Мне кажется, у «Гравитации» как минимум две выигрышные тактики. Во-первых, в захватывающей приключенческой упаковке можно донести серьезные темы до массового зрителя. Во-вторых, факт, что героиня бежит от своего горя в сложнейший период ее жизни не в соседний бар или даже другой город, не демонстрирует стандартное деструктивное поведение, а уходит настолько далеко от своей травмы, насколько это вообще физически возможно, – в космос! – как ничто другое подчеркивает ту бездну, которая открылась у нее в душе. По собственному желанию она оказывается там, где нет твердой почвы под ногами, где на каждом шагу подстерегает опасность и безразличная бескрайняя черная бездна вселенной смотрит в глаза и дышит смертью. Какой потрясающий способ показать внутреннее состояние героини!
В другом фантастическом фильме – в «Солярисе» Тарковского – тема и связанное с ней настроение преобладают над событийным рядом, и значимость этой темы делает для нас фильм еще более «жизненным», несмотря на жанр. (Вопрос: зачем нужно было помещать драму о человеке, который никак не может простить себе смерть девушки, в фантастические обстоятельства на другой планете, с оживающими мертвецами и космическими шаттлами?! Это была минутка сарказма.) Еще одно «жизненное» отличие от «Гравитации» заключается в том, что герои «Соляриса» так и не пришли к какой-то возможности преодоления проблематики фильма, хотя осознали важные вещи. Об этом мы поговорим чуть позже, в разделе «Результат пути героя» главы 2.
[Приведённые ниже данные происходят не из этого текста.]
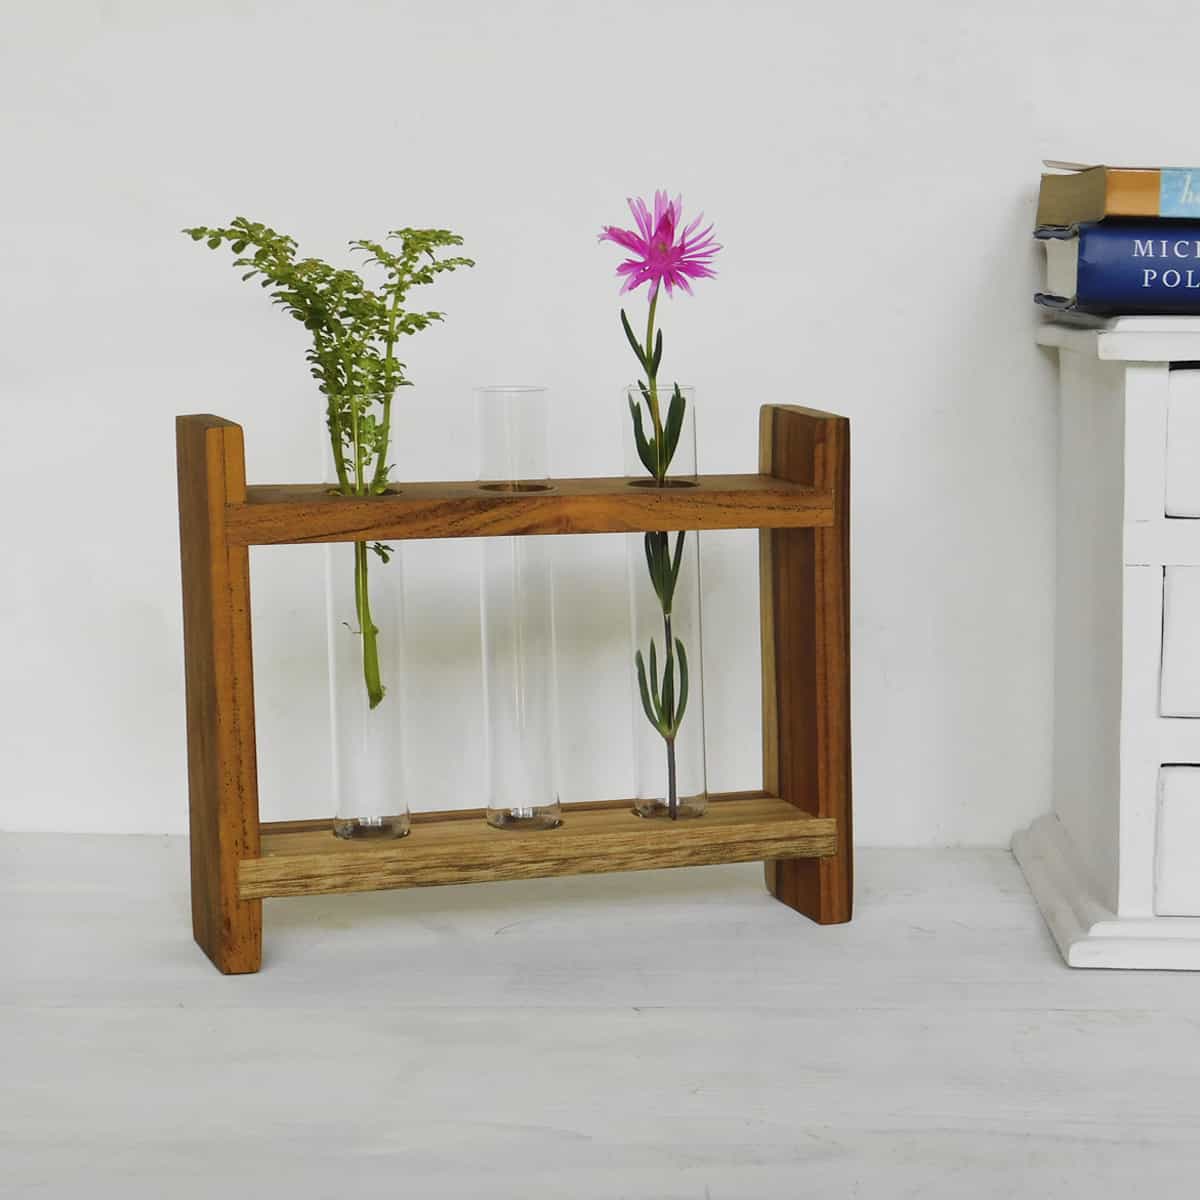 three test tube plant holders with their wooden frame displaying a pink flower and an herb against a white background

Картина мифа тяготеет, по словам Джона Труби, к «крупным мазкам». Миф ищет вечные смыслы и фигуры в ткани бытия, уделяя меньше внимания достоверности деталей, тонкостям и нюансам. Его высказывания не столько о реальности, сколько о «над-реальности», как платоновские идеи. Им тесно в привязке к конкретной проблематике эпохи или общества; они не намерены жертвовать своей высшей правдой ради отображения «космоса как он есть» в «Гравитации» или в угоду кухонным толкам о том, что миллиардер вряд ли женился бы на проститутке («Красотка»).
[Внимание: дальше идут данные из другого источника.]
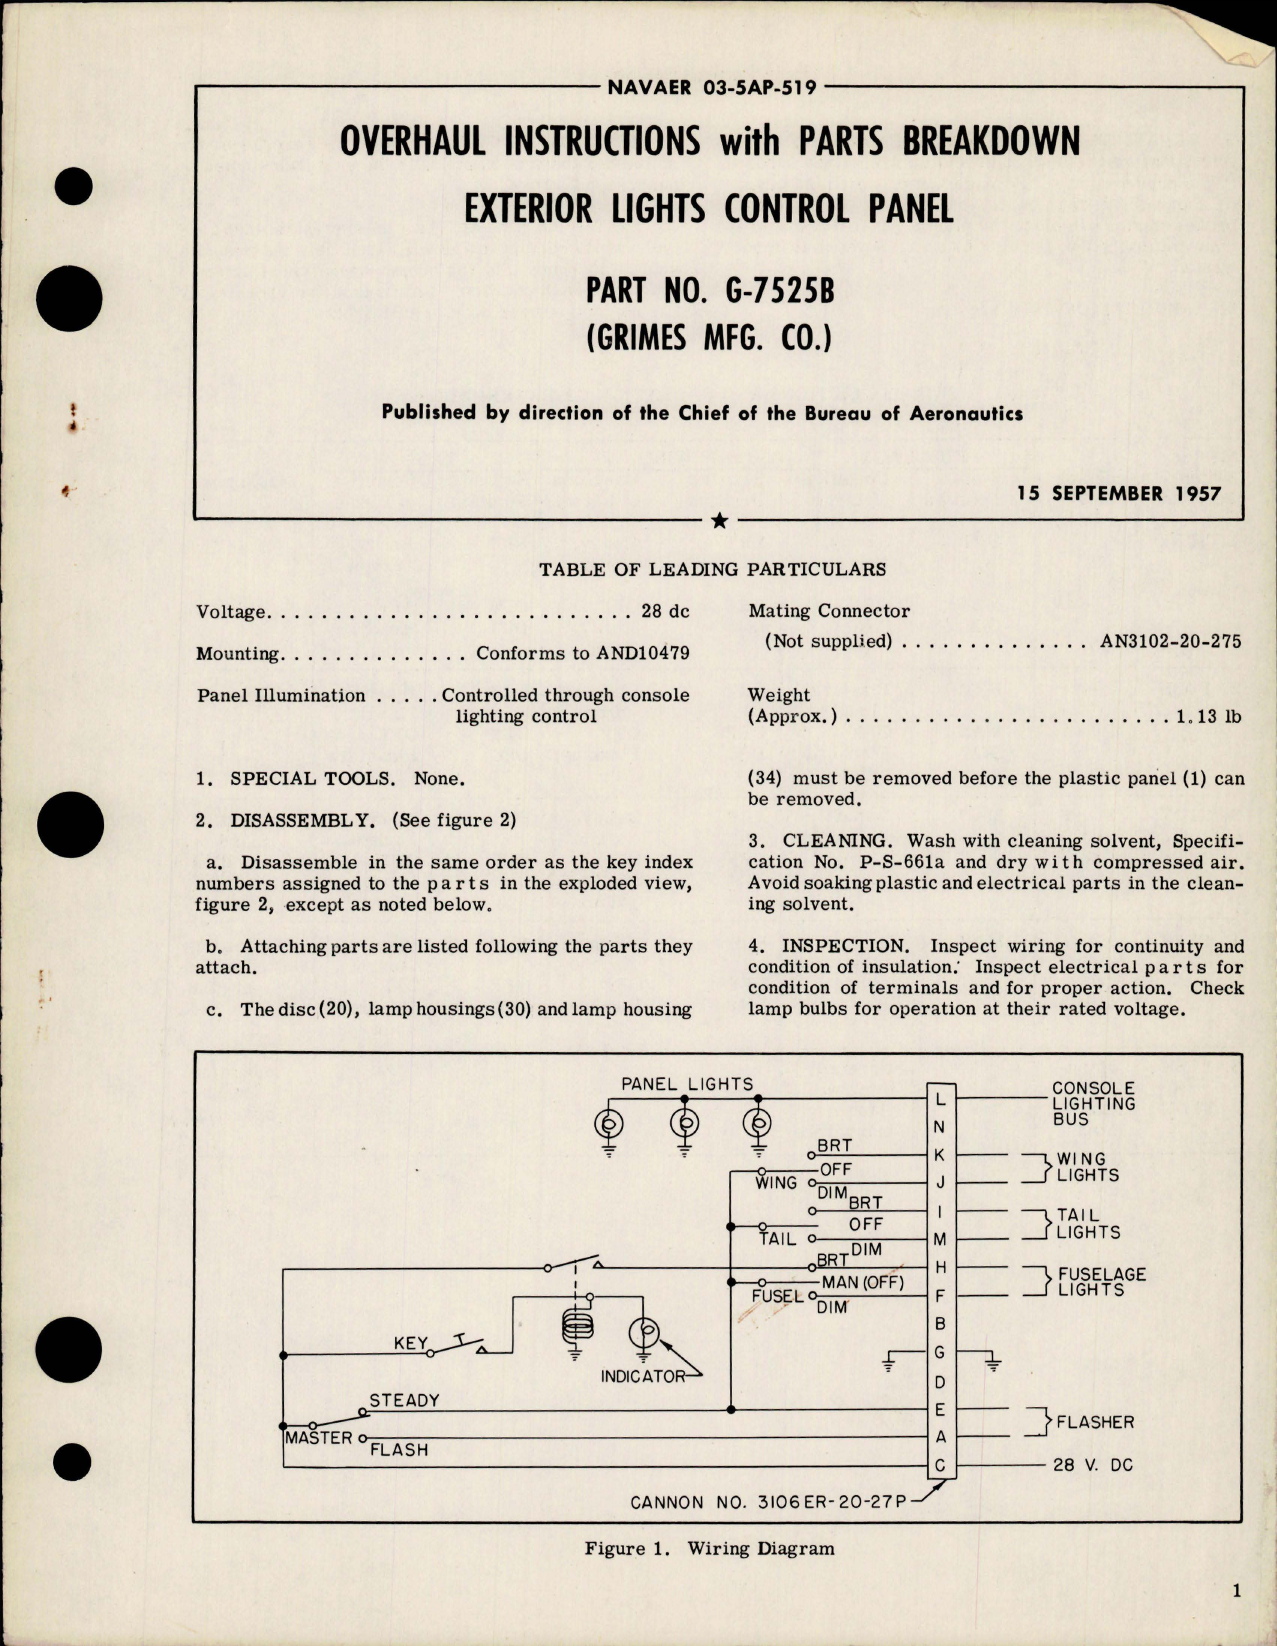 Sample page 1 from AirCorps Library document: Overhaul Instructions with Parts Breakdown for Exterior Lights Control Panel - Part G-7525B

Жизненное кино тяготеет к буквальному обсуждению насущных, социальных, политических проблем, без аллегорического пласта. И в этом, на мой взгляд, проигрывает мифическому. Оно, конечно, тоже выполняет важную функцию: делает проблему видимой, вскрывает нарыв, возбуждает пылкие дебаты, обостряет проблематику вопроса и раскалывает общество на лагеря, поскольку либо подтверждает, либо опровергает уже сложившиеся мнения. Но не воспитывает так, как воспитывает мифическое кино своей увлекательной аллегорией, разворачивая сюжеты вне времени, вызывая сопереживание к персонажам, которые выходят за рамки ослепляющих разум текущих (или даже исторических) событий, а не расковыривая болячки сиюминутных новостей. Не так давно были проведены исследования феномена книг о Гарри Поттере. Мало того, что серия побудила большой сегмент «поколения Миллениума» в принципе взяться за чтение (это поколение теперь наиболее читающее по сравнению с предыдущими). Вдобавок выяснилось, что поколение, выросшее на Гарри Поттере, более толерантно к инаковости, менее склонно к предубеждениям и предрассудкам, устойчиво себя чувствует на территории базовых моральных концепций добра и зла. Поэтому, прежде чем применить в очередной раз пренебрежительный, обесценивающий эпитет «сказка» к очередному фильму, задумайтесь: а может, при нынешнем кризисе морали нашему обществу нужно больше сказок, а не меньше?
Перевести частное в вечное и общечеловеческое, возвыситься над буквальным, представить проблему в контексте волнующего, увлекательного сюжета, в камуфляже сказочной условности и в масштабе, возводящем человека и событие в Символ, – вот возможности зрительского, жанрового кинематографа. Вот что способно воспитывать и менять.
Возьмем такой фильм, как «Рэмбо». Казалось бы, речь идет об очень конкретной эпохе, о последствиях очень конкретной войны, локальной исторической проблематике. Но мифические обстоятельства (невероятные масштабные баталии одного ветерана против армии мнимых союзников на домашнем фронте) поднимают его на другой уровень; фильм оказывается уже не о судьбе ветеранов постыдной Вьетнамской войны, а об уродливой изнанке любой войны испокон веков, о том, что бурлит в замутненных водах, когда патриотический крейсер торжественно протрубил мимо. Сравните с «Возвращением домой» (1978), замечательной драмой на ту же тему, которая так и остается в рамках своей эпохи (не стоит и обсуждать уровни известности фильмов: «Рэмбо» донес свой месседж до бóльшей аудитории). Но даже в «Возвращении домой» есть небольшой, достаточно приземленный, но все же мифический элемент в виде любовного треугольника.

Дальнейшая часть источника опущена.